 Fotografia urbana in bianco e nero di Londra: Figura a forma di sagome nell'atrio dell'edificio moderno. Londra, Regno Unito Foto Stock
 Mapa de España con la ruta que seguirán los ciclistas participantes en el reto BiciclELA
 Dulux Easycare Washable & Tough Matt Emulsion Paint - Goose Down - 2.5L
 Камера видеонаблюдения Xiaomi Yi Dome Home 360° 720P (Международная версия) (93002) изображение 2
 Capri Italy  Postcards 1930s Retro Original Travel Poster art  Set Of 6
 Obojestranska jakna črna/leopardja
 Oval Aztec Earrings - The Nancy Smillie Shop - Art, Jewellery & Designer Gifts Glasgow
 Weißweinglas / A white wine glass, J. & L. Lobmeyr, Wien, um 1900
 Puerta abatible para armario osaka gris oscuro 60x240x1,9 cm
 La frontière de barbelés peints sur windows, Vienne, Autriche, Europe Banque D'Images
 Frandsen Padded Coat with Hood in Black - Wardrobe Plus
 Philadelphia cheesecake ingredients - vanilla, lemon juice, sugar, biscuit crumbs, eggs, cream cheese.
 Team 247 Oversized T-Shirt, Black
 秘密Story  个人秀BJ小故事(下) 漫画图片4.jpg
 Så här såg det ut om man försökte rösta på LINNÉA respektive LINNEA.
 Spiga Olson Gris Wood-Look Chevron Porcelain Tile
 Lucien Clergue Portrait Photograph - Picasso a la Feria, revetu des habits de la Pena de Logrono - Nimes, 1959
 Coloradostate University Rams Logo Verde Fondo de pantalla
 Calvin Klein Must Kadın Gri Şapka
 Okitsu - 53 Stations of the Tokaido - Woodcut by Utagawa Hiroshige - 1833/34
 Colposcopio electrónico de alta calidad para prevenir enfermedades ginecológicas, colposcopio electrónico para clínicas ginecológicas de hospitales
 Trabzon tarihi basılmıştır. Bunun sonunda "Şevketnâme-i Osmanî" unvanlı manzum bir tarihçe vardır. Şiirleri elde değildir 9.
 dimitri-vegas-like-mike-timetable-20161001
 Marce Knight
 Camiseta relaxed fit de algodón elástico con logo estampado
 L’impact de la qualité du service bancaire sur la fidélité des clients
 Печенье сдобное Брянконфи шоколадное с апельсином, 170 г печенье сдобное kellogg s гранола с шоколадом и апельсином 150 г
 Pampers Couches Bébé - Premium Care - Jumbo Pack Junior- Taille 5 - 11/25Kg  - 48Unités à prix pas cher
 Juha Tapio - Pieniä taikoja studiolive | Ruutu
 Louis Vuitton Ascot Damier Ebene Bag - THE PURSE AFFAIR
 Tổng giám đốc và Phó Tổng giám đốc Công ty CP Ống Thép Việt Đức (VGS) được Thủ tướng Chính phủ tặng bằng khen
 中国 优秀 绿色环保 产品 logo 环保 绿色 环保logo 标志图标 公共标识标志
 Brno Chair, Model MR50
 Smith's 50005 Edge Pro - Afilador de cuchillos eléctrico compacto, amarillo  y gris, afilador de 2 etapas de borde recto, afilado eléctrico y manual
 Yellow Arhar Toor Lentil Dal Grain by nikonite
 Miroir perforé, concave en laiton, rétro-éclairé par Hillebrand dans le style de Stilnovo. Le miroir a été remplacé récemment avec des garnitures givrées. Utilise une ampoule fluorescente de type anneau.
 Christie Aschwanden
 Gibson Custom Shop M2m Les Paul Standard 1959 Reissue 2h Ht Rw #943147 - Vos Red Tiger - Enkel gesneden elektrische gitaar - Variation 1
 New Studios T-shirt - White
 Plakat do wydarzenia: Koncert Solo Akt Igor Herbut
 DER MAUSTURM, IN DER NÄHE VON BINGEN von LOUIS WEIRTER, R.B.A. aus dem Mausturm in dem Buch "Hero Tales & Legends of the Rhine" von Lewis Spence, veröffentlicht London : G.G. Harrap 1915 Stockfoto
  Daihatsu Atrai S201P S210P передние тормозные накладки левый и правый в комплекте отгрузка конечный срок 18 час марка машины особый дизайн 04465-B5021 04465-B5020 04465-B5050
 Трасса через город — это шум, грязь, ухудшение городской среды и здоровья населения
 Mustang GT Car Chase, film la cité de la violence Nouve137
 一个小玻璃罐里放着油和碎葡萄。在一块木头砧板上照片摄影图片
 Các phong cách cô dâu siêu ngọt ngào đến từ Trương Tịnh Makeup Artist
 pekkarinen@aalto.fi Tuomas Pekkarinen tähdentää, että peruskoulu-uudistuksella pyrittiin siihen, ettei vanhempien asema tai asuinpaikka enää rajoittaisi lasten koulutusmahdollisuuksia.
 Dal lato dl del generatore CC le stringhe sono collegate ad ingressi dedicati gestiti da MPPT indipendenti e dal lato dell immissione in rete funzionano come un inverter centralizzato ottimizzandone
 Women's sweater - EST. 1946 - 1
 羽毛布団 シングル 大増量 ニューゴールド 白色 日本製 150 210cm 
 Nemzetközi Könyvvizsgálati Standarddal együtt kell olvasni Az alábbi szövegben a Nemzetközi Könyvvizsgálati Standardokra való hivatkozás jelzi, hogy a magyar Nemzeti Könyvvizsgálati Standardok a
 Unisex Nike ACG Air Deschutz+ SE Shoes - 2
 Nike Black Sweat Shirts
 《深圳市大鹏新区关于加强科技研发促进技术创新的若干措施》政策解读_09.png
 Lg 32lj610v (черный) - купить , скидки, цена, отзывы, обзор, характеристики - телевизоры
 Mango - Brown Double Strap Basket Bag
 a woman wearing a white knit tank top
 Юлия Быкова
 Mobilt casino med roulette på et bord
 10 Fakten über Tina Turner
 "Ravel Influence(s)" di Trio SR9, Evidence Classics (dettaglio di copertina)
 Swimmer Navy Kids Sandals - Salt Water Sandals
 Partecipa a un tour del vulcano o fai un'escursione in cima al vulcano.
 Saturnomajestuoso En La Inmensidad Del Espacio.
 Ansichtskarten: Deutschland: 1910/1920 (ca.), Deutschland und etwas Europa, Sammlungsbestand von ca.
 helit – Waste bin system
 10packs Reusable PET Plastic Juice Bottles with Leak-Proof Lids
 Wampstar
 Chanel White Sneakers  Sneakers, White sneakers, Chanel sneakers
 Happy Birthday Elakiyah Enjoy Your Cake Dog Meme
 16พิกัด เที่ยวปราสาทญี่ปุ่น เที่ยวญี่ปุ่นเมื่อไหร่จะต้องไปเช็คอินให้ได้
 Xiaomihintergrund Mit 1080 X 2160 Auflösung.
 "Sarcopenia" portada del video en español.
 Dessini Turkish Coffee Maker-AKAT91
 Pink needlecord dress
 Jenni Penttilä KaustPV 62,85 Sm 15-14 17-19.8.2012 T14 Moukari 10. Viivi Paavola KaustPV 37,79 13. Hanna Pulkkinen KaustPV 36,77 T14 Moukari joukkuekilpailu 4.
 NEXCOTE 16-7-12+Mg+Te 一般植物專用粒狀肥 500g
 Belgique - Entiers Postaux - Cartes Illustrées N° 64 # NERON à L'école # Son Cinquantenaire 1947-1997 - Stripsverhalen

▬▬▬▬▬▬▬▬▬▬

Brief:
When you write the entries out again, keep every word and mark exactly as it is.

Response for this exercise:
 Fotografia urbana in bianco e nero di Londra: Figura a forma di sagome nell'atrio dell'edificio moderno. Londra, Regno Unito Foto Stock
 Mapa de España con la ruta que seguirán los ciclistas participantes en el reto BiciclELA
 Dulux Easycare Washable & Tough Matt Emulsion Paint - Goose Down - 2.5L
 Камера видеонаблюдения Xiaomi Yi Dome Home 360° 720P (Международная версия) (93002) изображение 2
 Capri Italy  Postcards 1930s Retro Original Travel Poster art  Set Of 6
 Obojestranska jakna črna/leopardja
 Oval Aztec Earrings - The Nancy Smillie Shop - Art, Jewellery & Designer Gifts Glasgow
 Weißweinglas / A white wine glass, J. & L. Lobmeyr, Wien, um 1900
 Puerta abatible para armario osaka gris oscuro 60x240x1,9 cm
 La frontière de barbelés peints sur windows, Vienne, Autriche, Europe Banque D'Images
 Frandsen Padded Coat with Hood in Black - Wardrobe Plus
 Philadelphia cheesecake ingredients - vanilla, lemon juice, sugar, biscuit crumbs, eggs, cream cheese.
 Team 247 Oversized T-Shirt, Black
 秘密Story  个人秀BJ小故事(下) 漫画图片4.jpg
 Så här såg det ut om man försökte rösta på LINNÉA respektive LINNEA.
 Spiga Olson Gris Wood-Look Chevron Porcelain Tile
 Lucien Clergue Portrait Photograph - Picasso a la Feria, revetu des habits de la Pena de Logrono - Nimes, 1959
 Coloradostate University Rams Logo Verde Fondo de pantalla
 Calvin Klein Must Kadın Gri Şapka
 Okitsu - 53 Stations of the Tokaido - Woodcut by Utagawa Hiroshige - 1833/34
 Colposcopio electrónico de alta calidad para prevenir enfermedades ginecológicas, colposcopio electrónico para clínicas ginecológicas de hospitales
 Trabzon tarihi basılmıştır. Bunun sonunda "Şevketnâme-i Osmanî" unvanlı manzum bir tarihçe vardır. Şiirleri elde değildir 9.
 dimitri-vegas-like-mike-timetable-20161001
 Marce Knight
 Camiseta relaxed fit de algodón elástico con logo estampado
 L’impact de la qualité du service bancaire sur la fidélité des clients
 Печенье сдобное Брянконфи шоколадное с апельсином, 170 г печенье сдобное kellogg s гранола с шоколадом и апельсином 150 г
 Pampers Couches Bébé - Premium Care - Jumbo Pack Junior- Taille 5 - 11/25Kg  - 48Unités à prix pas cher
 Juha Tapio - Pieniä taikoja studiolive | Ruutu
 Louis Vuitton Ascot Damier Ebene Bag - THE PURSE AFFAIR
 Tổng giám đốc và Phó Tổng giám đốc Công ty CP Ống Thép Việt Đức (VGS) được Thủ tướng Chính phủ tặng bằng khen
 中国 优秀 绿色环保 产品 logo 环保 绿色 环保logo 标志图标 公共标识标志
 Brno Chair, Model MR50
 Smith's 50005 Edge Pro - Afilador de cuchillos eléctrico compacto, amarillo  y gris, afilador de 2 etapas de borde recto, afilado eléctrico y manual
 Yellow Arhar Toor Lentil Dal Grain by nikonite
 Miroir perforé, concave en laiton, rétro-éclairé par Hillebrand dans le style de Stilnovo. Le miroir a été remplacé récemment avec des garnitures givrées. Utilise une ampoule fluorescente de type anneau.
 Christie Aschwanden
 Gibson Custom Shop M2m Les Paul Standard 1959 Reissue 2h Ht Rw #943147 - Vos Red Tiger - Enkel gesneden elektrische gitaar - Variation 1
 New Studios T-shirt - White
 Plakat do wydarzenia: Koncert Solo Akt Igor Herbut
 DER MAUSTURM, IN DER NÄHE VON BINGEN von LOUIS WEIRTER, R.B.A. aus dem Mausturm in dem Buch "Hero Tales & Legends of the Rhine" von Lewis Spence, veröffentlicht London : G.G. Harrap 1915 Stockfoto
  Daihatsu Atrai S201P S210P передние тормозные накладки левый и правый в комплекте отгрузка конечный срок 18 час марка машины особый дизайн 04465-B5021 04465-B5020 04465-B5050
 Трасса через город — это шум, грязь, ухудшение городской среды и здоровья населения
 Mustang GT Car Chase, film la cité de la violence Nouve137
 一个小玻璃罐里放着油和碎葡萄。在一块木头砧板上照片摄影图片
 Các phong cách cô dâu siêu ngọt ngào đến từ Trương Tịnh Makeup Artist
 pekkarinen@aalto.fi Tuomas Pekkarinen tähdentää, että peruskoulu-uudistuksella pyrittiin siihen, ettei vanhempien asema tai asuinpaikka enää rajoittaisi lasten koulutusmahdollisuuksia.
 Dal lato dl del generatore CC le stringhe sono collegate ad ingressi dedicati gestiti da MPPT indipendenti e dal lato dell immissione in rete funzionano come un inverter centralizzato ottimizzandone
 Women's sweater - EST. 1946 - 1
 羽毛布団 シングル 大増量 ニューゴールド 白色 日本製 150 210cm 
 Nemzetközi Könyvvizsgálati Standarddal együtt kell olvasni Az alábbi szövegben a Nemzetközi Könyvvizsgálati Standardokra való hivatkozás jelzi, hogy a magyar Nemzeti Könyvvizsgálati Standardok a
 Unisex Nike ACG Air Deschutz+ SE Shoes - 2
 Nike Black Sweat Shirts
 《深圳市大鹏新区关于加强科技研发促进技术创新的若干措施》政策解读_09.png
 Lg 32lj610v (черный) - купить , скидки, цена, отзывы, обзор, характеристики - телевизоры
 Mango - Brown Double Strap Basket Bag
 a woman wearing a white knit tank top
 Юлия Быкова
 Mobilt casino med roulette på et bord
 10 Fakten über Tina Turner
 "Ravel Influence(s)" di Trio SR9, Evidence Classics (dettaglio di copertina)
 Swimmer Navy Kids Sandals - Salt Water Sandals
 Partecipa a un tour del vulcano o fai un'escursione in cima al vulcano.
 Saturnomajestuoso En La Inmensidad Del Espacio.
 Ansichtskarten: Deutschland: 1910/1920 (ca.), Deutschland und etwas Europa, Sammlungsbestand von ca.
 helit – Waste bin system
 10packs Reusable PET Plastic Juice Bottles with Leak-Proof Lids
 Wampstar
 Chanel White Sneakers  Sneakers, White sneakers, Chanel sneakers
 Happy Birthday Elakiyah Enjoy Your Cake Dog Meme
 16พิกัด เที่ยวปราสาทญี่ปุ่น เที่ยวญี่ปุ่นเมื่อไหร่จะต้องไปเช็คอินให้ได้
 Xiaomihintergrund Mit 1080 X 2160 Auflösung.
 "Sarcopenia" portada del video en español.
 Dessini Turkish Coffee Maker-AKAT91
 Pink needlecord dress
 Jenni Penttilä KaustPV 62,85 Sm 15-14 17-19.8.2012 T14 Moukari 10. Viivi Paavola KaustPV 37,79 13. Hanna Pulkkinen KaustPV 36,77 T14 Moukari joukkuekilpailu 4.
 NEXCOTE 16-7-12+Mg+Te 一般植物專用粒狀肥 500g
 Belgique - Entiers Postaux - Cartes Illustrées N° 64 # NERON à L'école # Son Cinquantenaire 1947-1997 - Stripsverhalen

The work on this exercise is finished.